A thorough regime of rinsing the tools was necessary to wash all acids from the surface as these can remain in the corrosion pits and continue to attack the metallic structure (Watkinson 2010). The tools were rinsed alternately under running deionised water and a bath of deionised water inhibited with 1% thiourea to prevent flash rusting occurring from the oxygenated rinse water. The surface pH was measured with universal indicator strips to determine a neutral surface had been achieved.

Dewatering

All surfaces were dewatered with several passes of ethanol on cotton swabs.

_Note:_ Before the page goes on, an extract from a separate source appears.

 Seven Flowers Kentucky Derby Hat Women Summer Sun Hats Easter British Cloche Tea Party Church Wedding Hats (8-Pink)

This was deemed sufficient and more environmentally sound than employing a solvent bath system.

Coating

Once dried fully, the tools were coated with Senson Marine Guard for their journey back to Perth, where the coating will be assessed by custodians and can be removed easily with methylated spirits if it is deemed unsuitable for their purposes. Senson’s manufacturing facility is located in W.A. which also supports sustainability if the mint decide to source a bulk amount of the material to continue the mass conservation treatment.

After treatment

And the winner is…conservation or industry?

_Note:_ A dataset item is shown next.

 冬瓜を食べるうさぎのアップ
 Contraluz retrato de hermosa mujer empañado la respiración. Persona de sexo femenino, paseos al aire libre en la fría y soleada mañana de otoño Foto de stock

As conservators, the ultimate goal is to provide access to objects amongst other benefits to custodians whilst upholding ideals of preservation and maintaining professional integrity through ethical and risk-averse decision making and practices (AICCM 2002).

Requiring a highly interventive treatment methodology to meet the custodians wishes to restore a high-value, newly minted aesthetic, revealing the important technical specification and saving the objects from the scrap heap is a treatment that would push most conservators outside of their professional comfort zone. The artist engravers at the Mint are enthusiastically implementing recommendations made throughout this treatment regarding coatings and ideal storage and they hope to continue engagement with the wider conservation community to ensure that their collections continue to be a viable cultural ­heritage asset for the Perth Mint in years to come.

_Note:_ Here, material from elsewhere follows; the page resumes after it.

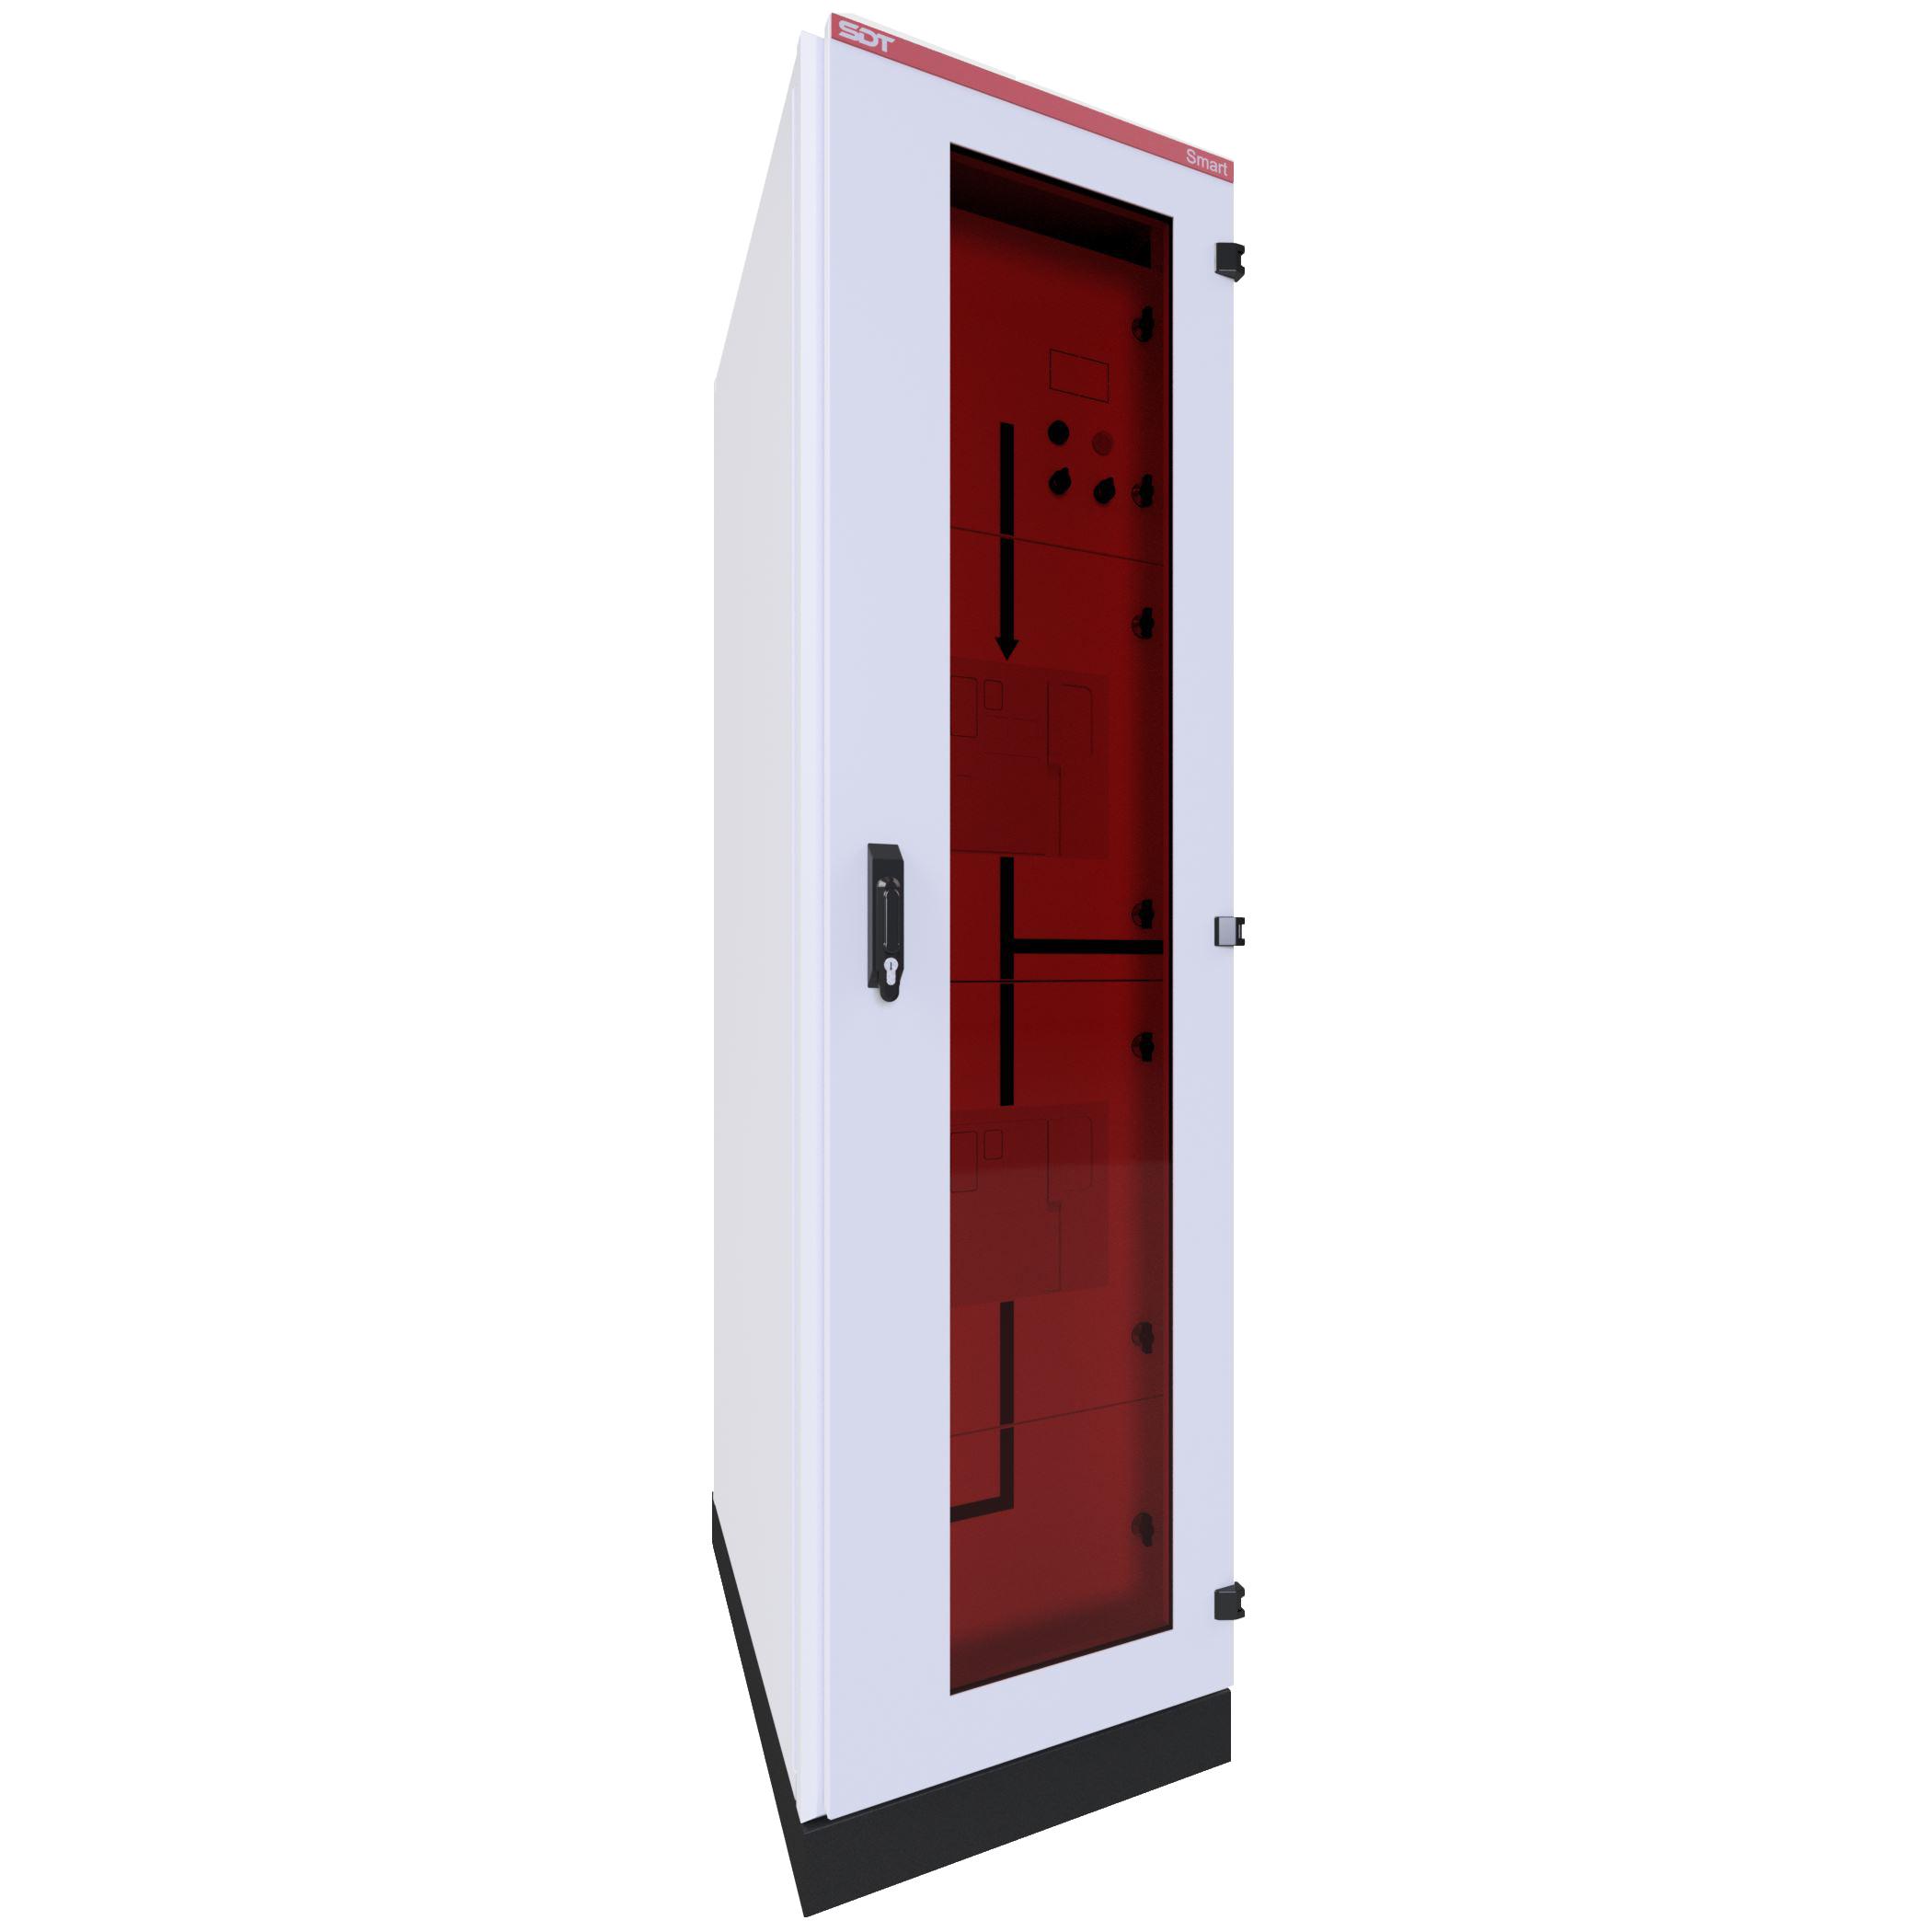 Visualización de equipos sin apertura de puertas

All photos by Claire Rowson, ©2018 The Perth Mint.

Acknowledgements:

Thanks to the Perth Mint for generously allowing access to their objects and collections for this treatment. The author also acknowledges Jenny Dickens for her advice regarding metal conservation methodologies and her general expertise in the field of objects conservation. Thanks always to the Grimwade Centre for Cultural Materials Conservation, its faculty and fellow second-year students.

References:

AICCM 2002, Code of Ethics and Code of Practice, AICCM, Viewed 25 March 2017, https://aiccm.org.au/sites/default/files/docs/AICCMBusinessDocs/CODE%20OF%20ETHICS%20AND%20CODE%20OF%20PRACTICE%20Australian%20Institute%20for%20Conservation%20of%20Cultural%20Material.pdf

GoldCorp 1999, A Century of Minting Excellence: The history of Australian coin production at the Perth Mint, GoldCorp Australia, Perth.

GoldCorp 2018, ’Custom Minting Brochure’, Goldcorp Australia, Perth, viewed online 10 March 2018, https://www.perthmint.com/documents/Perth_Mint_Custom_Minting_Brochure.pdf?_ga=2.60151919.357689791.1521271231-1656347546.1521271231&_ga=2.60151919.357689791.1521271231-1656347546.1521271231

Zumdahl, S and Zumdahl, S 2007, Chemistry: Seventh Edition, Houghton Mifflin Company, USA.

Horie, C. 1987, Materials for Conservation: Organic Consolidants, Adhesives and Coatings, Butterworths, London.

Logan, J 1986, ‘Recognizing Active Corrosion’, Canadian Conservation Institute.

Watkinson, D. (2010) ‘Preservation of metallic cultural heritage.’ In Richardson J. A. et al.(eds.) Shrier’s corrosion, volume 4, Elsevier, Amsterdam.

Logan, J 1987, ‘Care and Cleaning of Iron’, Canadian Conservation Institute.